### What to work on:
When you reach the line containing "Fotografie - High", begin reproducing the material exactly, stop after the line containing "Käptn Chaos Kinder", and leave out any pictures along the way.

### Study material:
::::
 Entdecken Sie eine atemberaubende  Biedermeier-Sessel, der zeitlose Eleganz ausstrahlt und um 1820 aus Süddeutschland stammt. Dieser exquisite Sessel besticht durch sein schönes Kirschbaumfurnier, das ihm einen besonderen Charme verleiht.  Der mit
::::
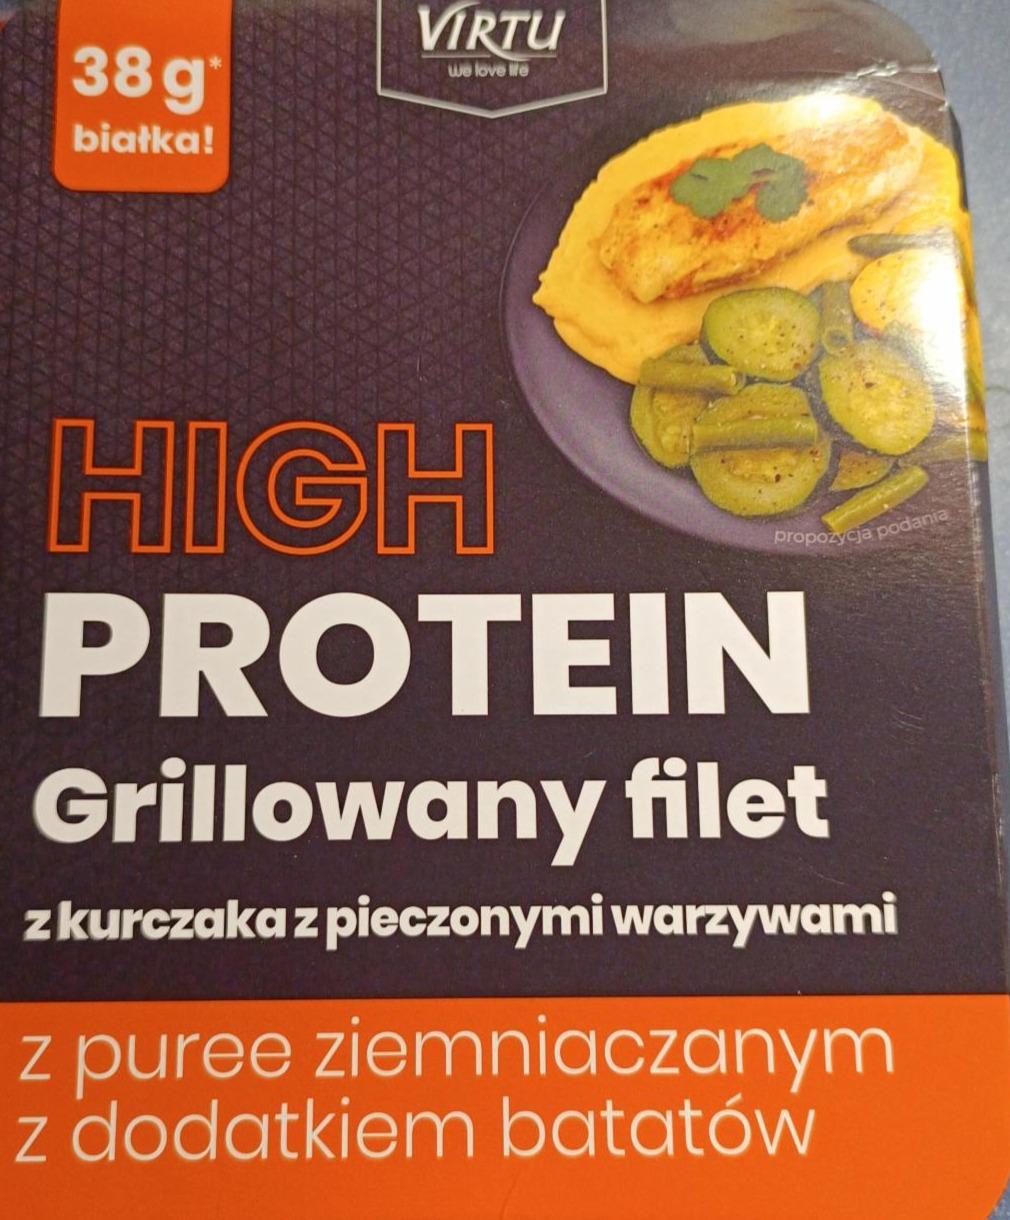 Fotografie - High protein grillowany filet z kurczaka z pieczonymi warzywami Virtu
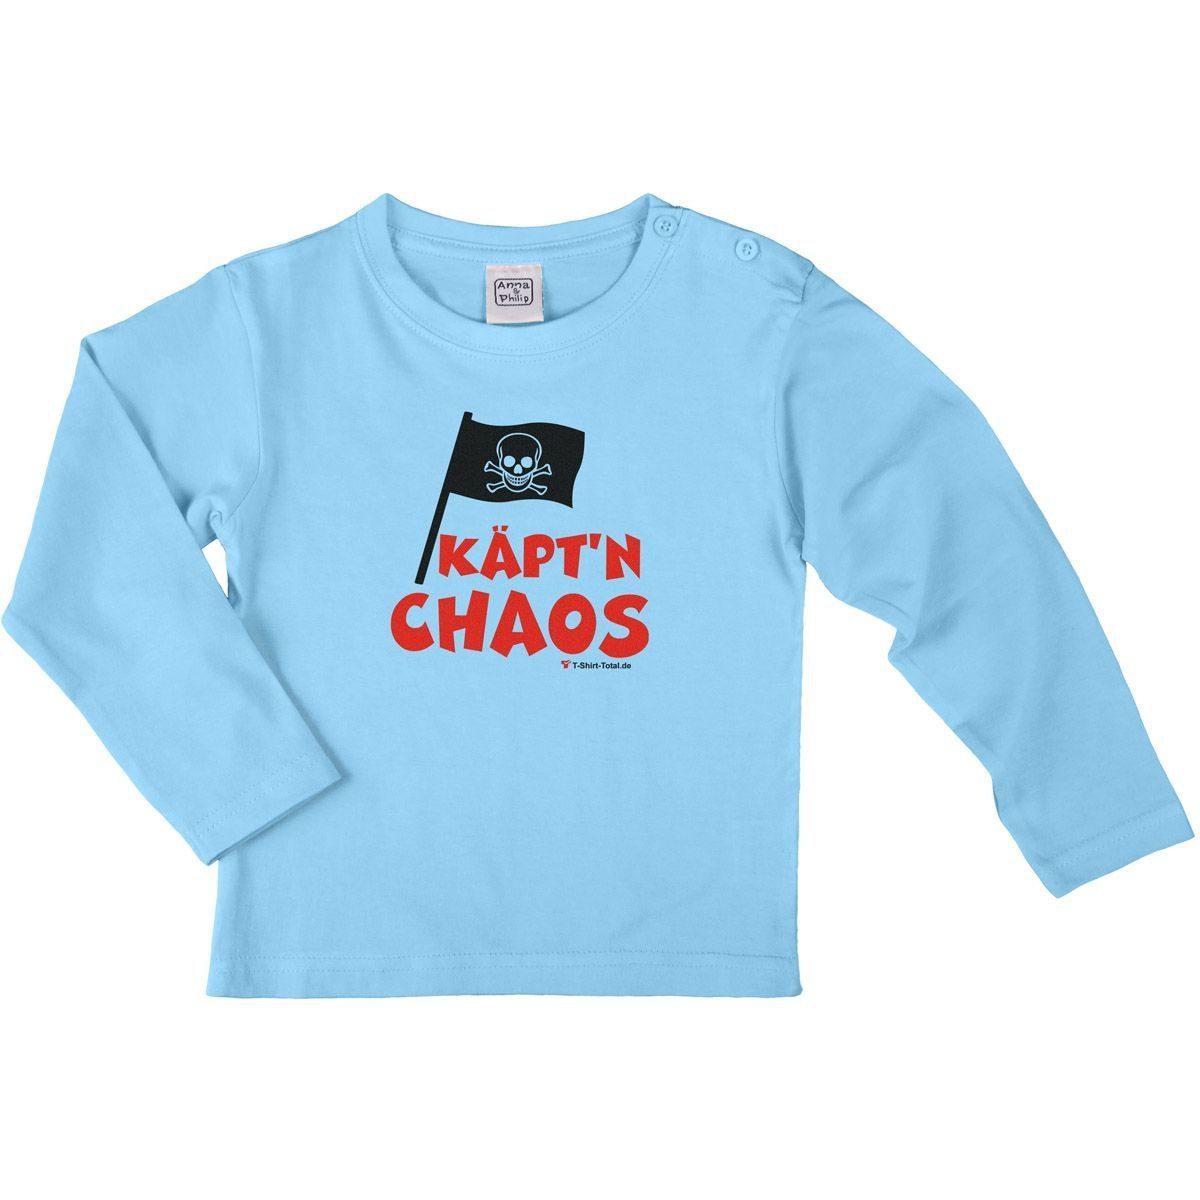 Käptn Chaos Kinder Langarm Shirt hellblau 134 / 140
::::
### Answer below:
 Fotografie - High protein grillowany filet z kurczaka z pieczonymi warzywami Virtu
 Käptn Chaos Kinder Langarm Shirt hellblau 134 / 140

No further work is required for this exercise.